- **PROBLEM DETAILS**
Your answer should be the full data, transcribed exactly, with no pictures in it.

- **SOURCE MATERIAL**

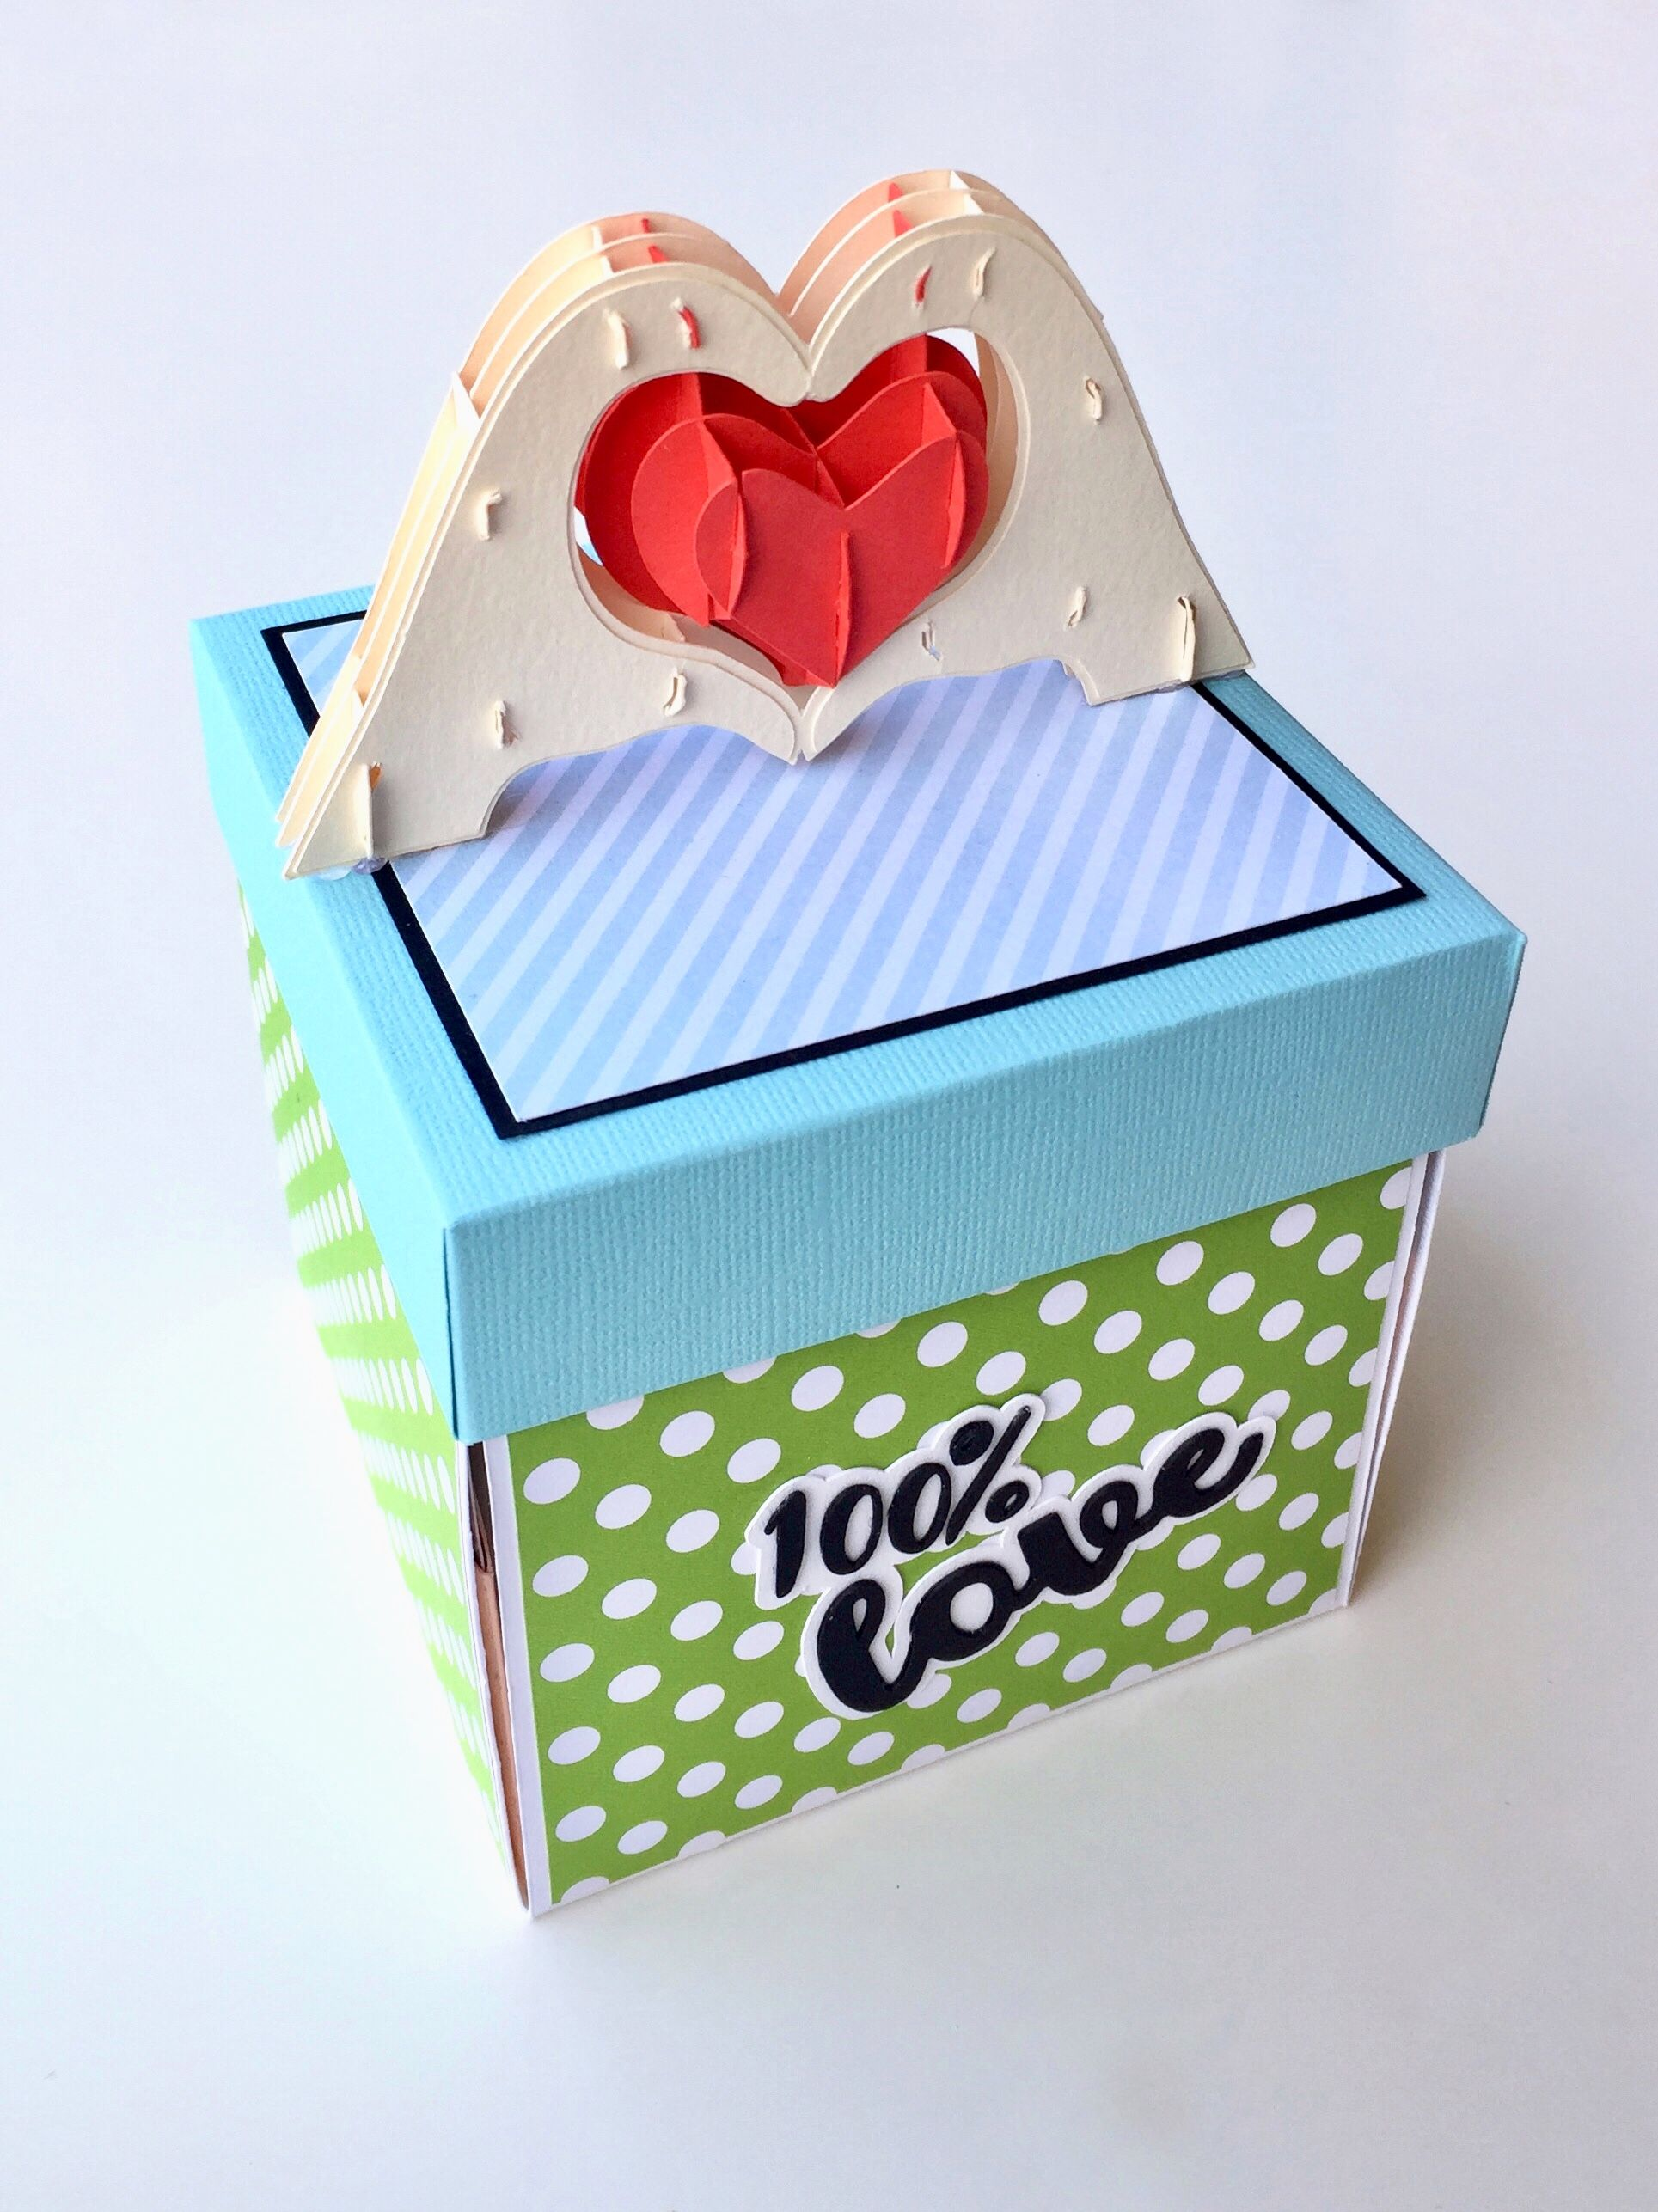 100 love explosion box by simo scrapper box pinterest box 100 love explosion box by simo scrapper thecheapjerseys Choice Image
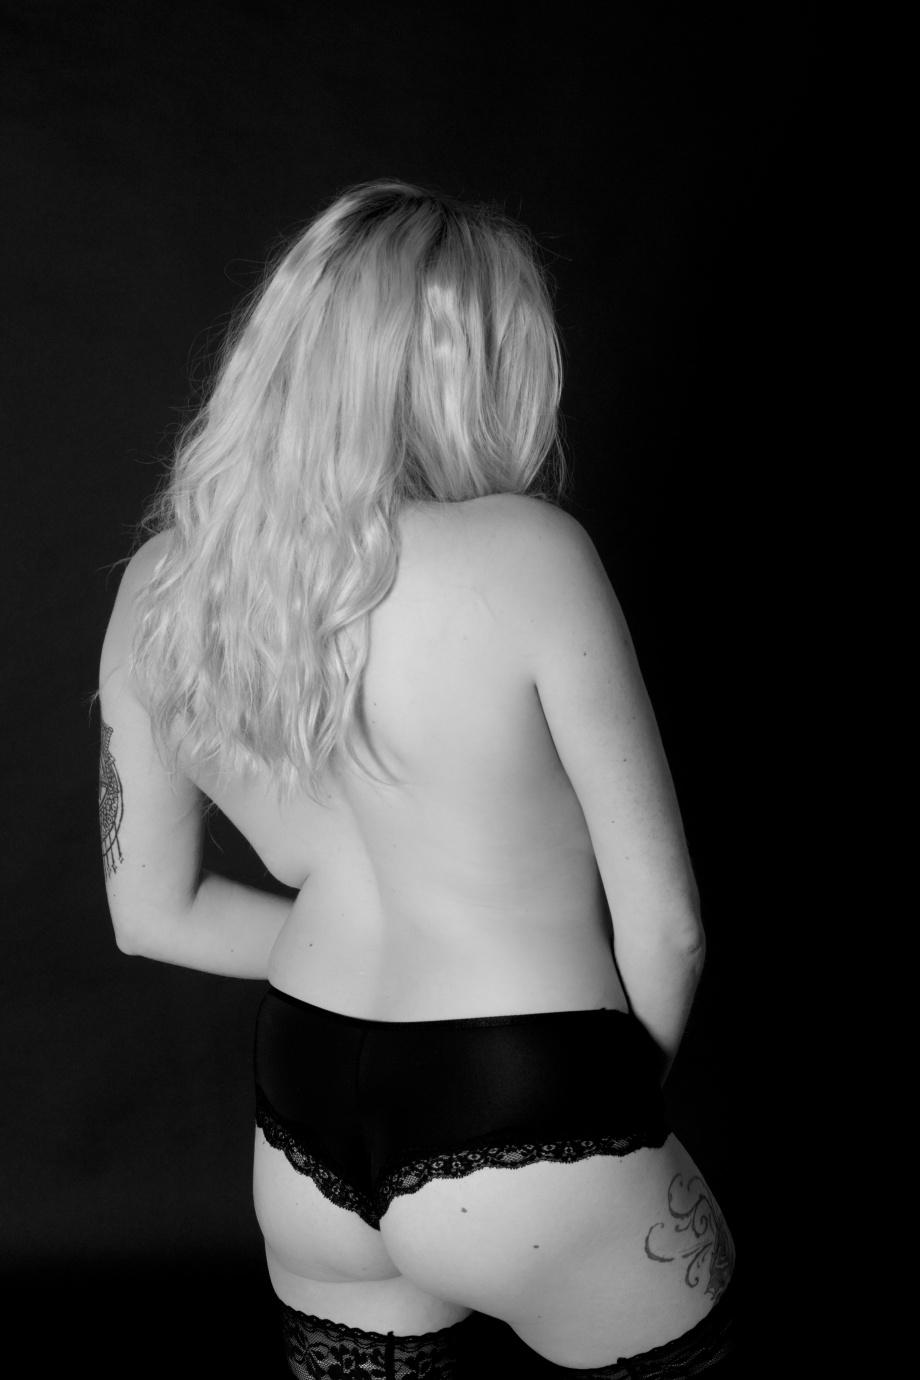 portrait, black and white, studio, glamour, ireland, cork, blonde, lingerie, boudoir, topless, implied
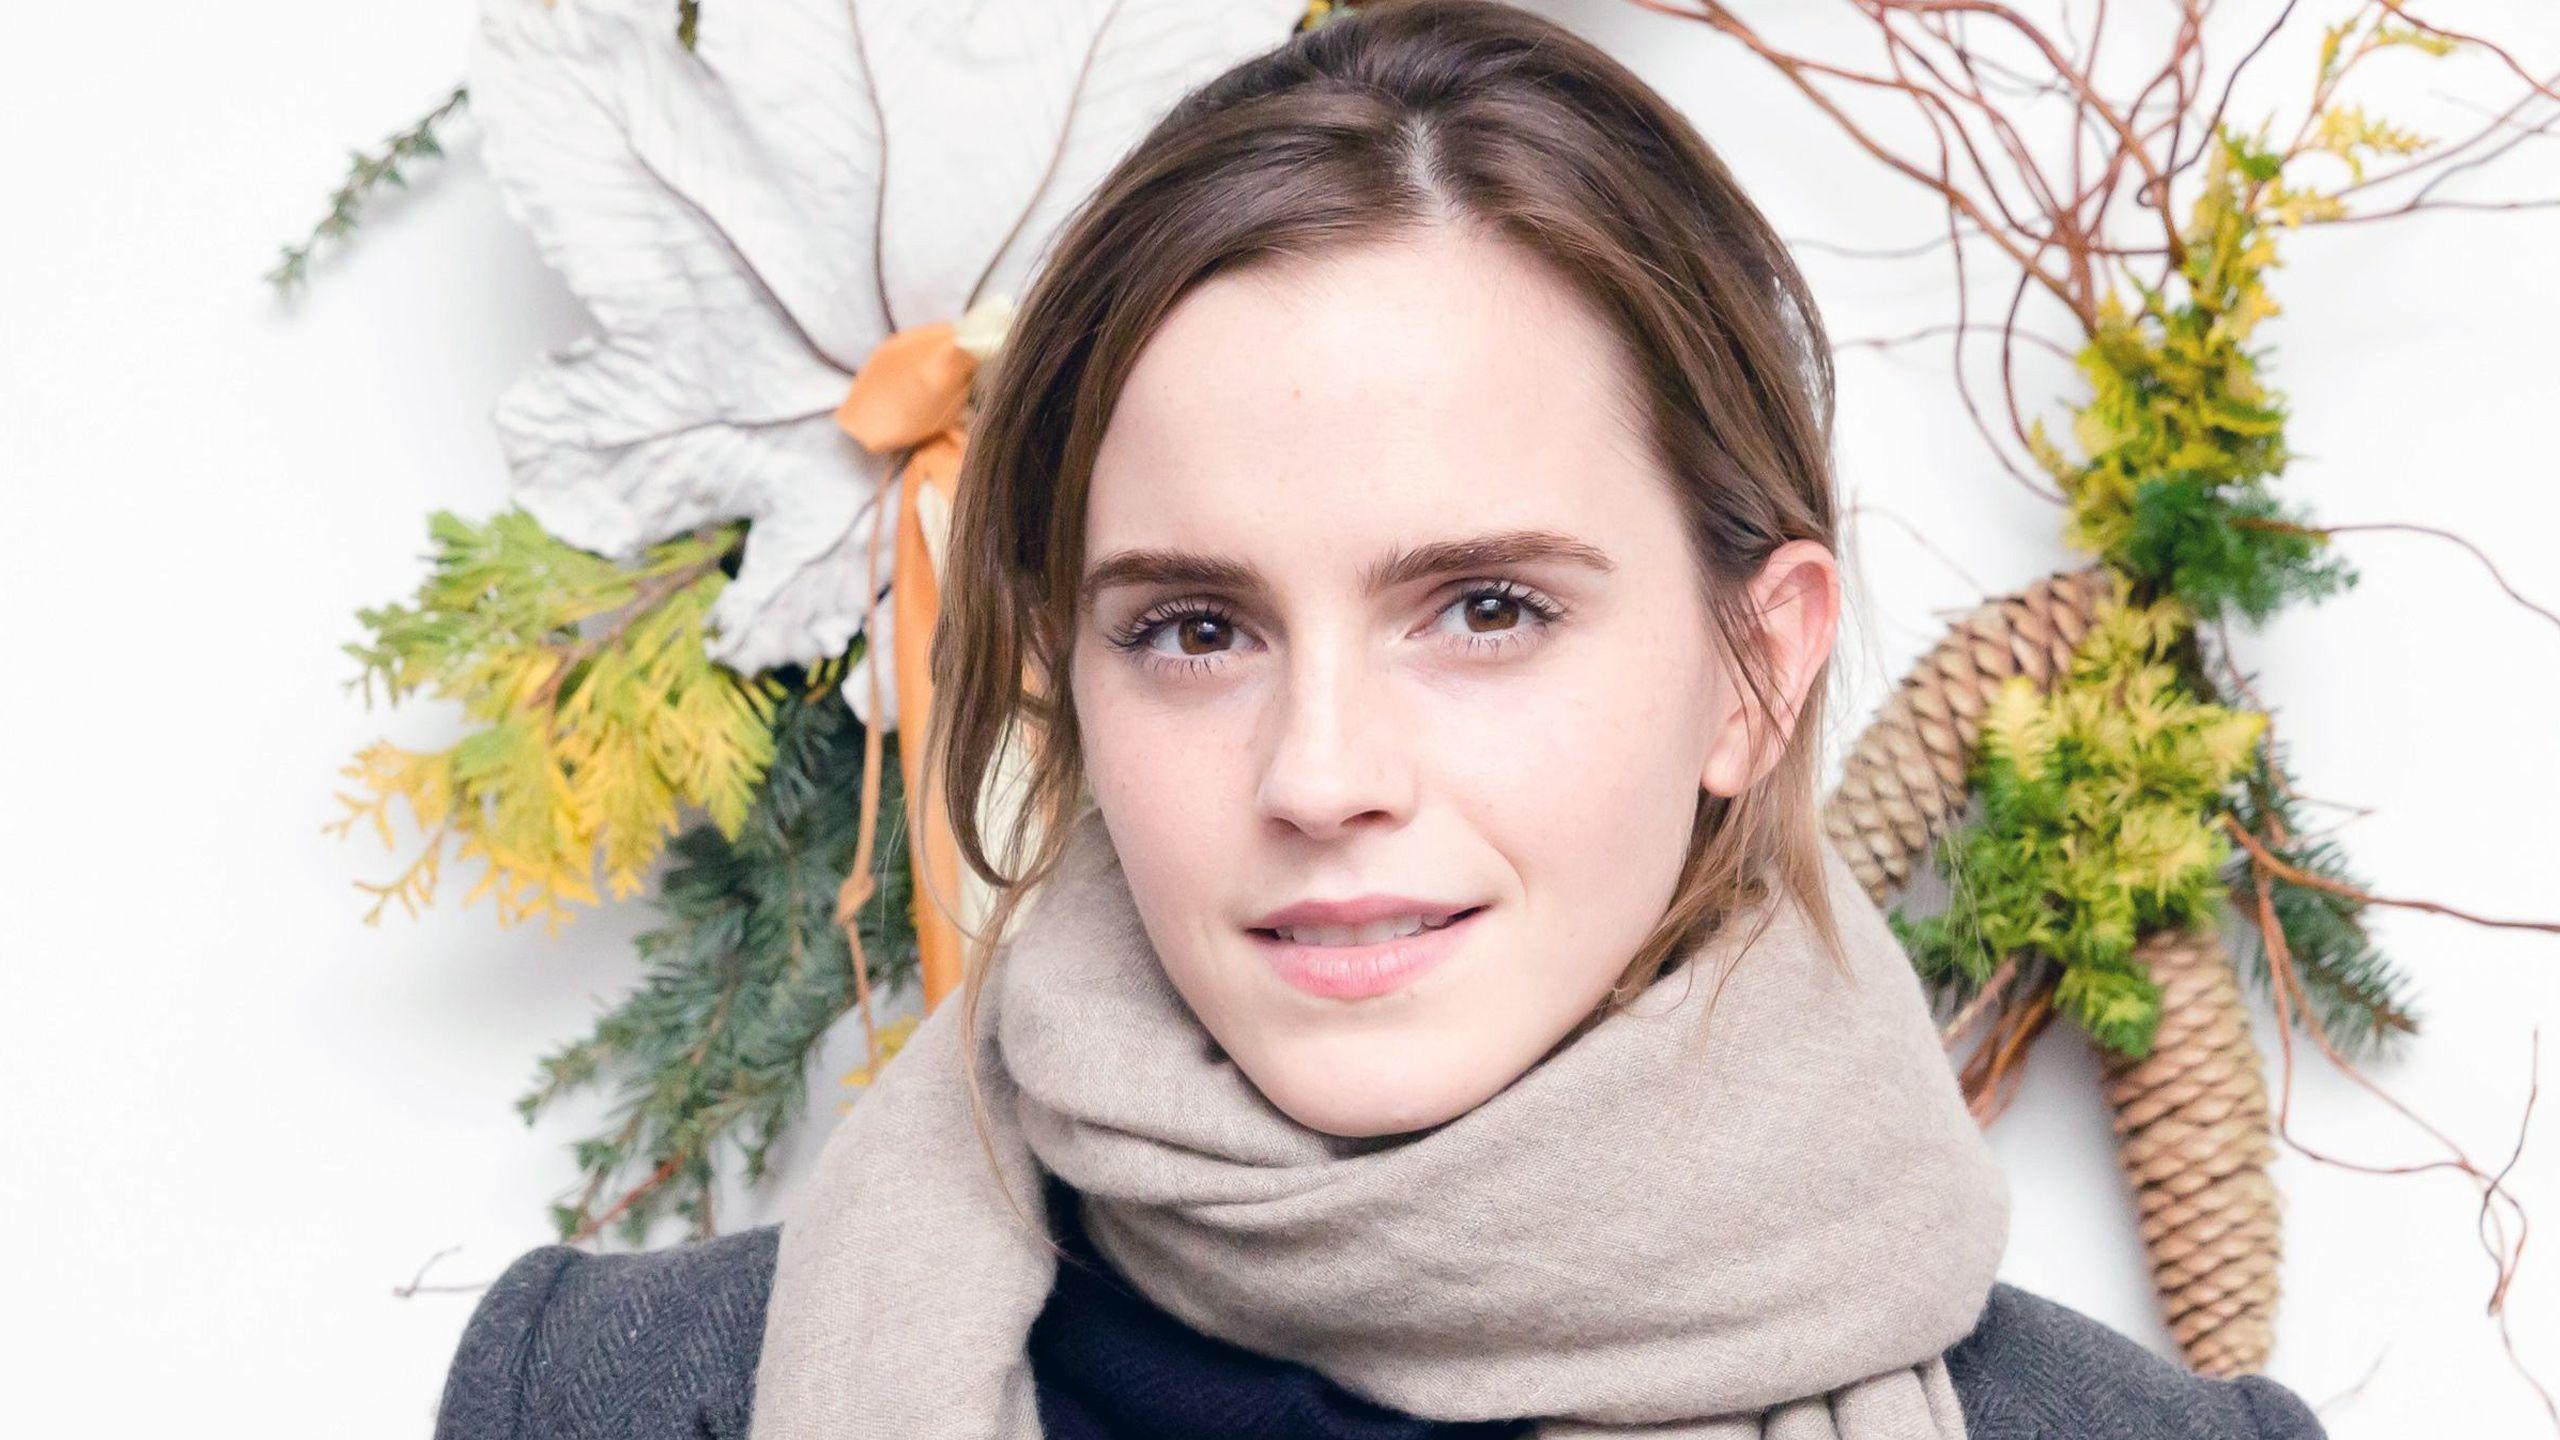 Emma Watson Hd Wallpapers 2 Beautiful Wallpaper Pinterest Emma

- **REPLY**
 100 love explosion box by simo scrapper box pinterest box 100 love explosion box by simo scrapper thecheapjerseys Choice Image
 portrait, black and white, studio, glamour, ireland, cork, blonde, lingerie, boudoir, topless, implied
 Emma Watson Hd Wallpapers 2 Beautiful Wallpaper Pinterest Emma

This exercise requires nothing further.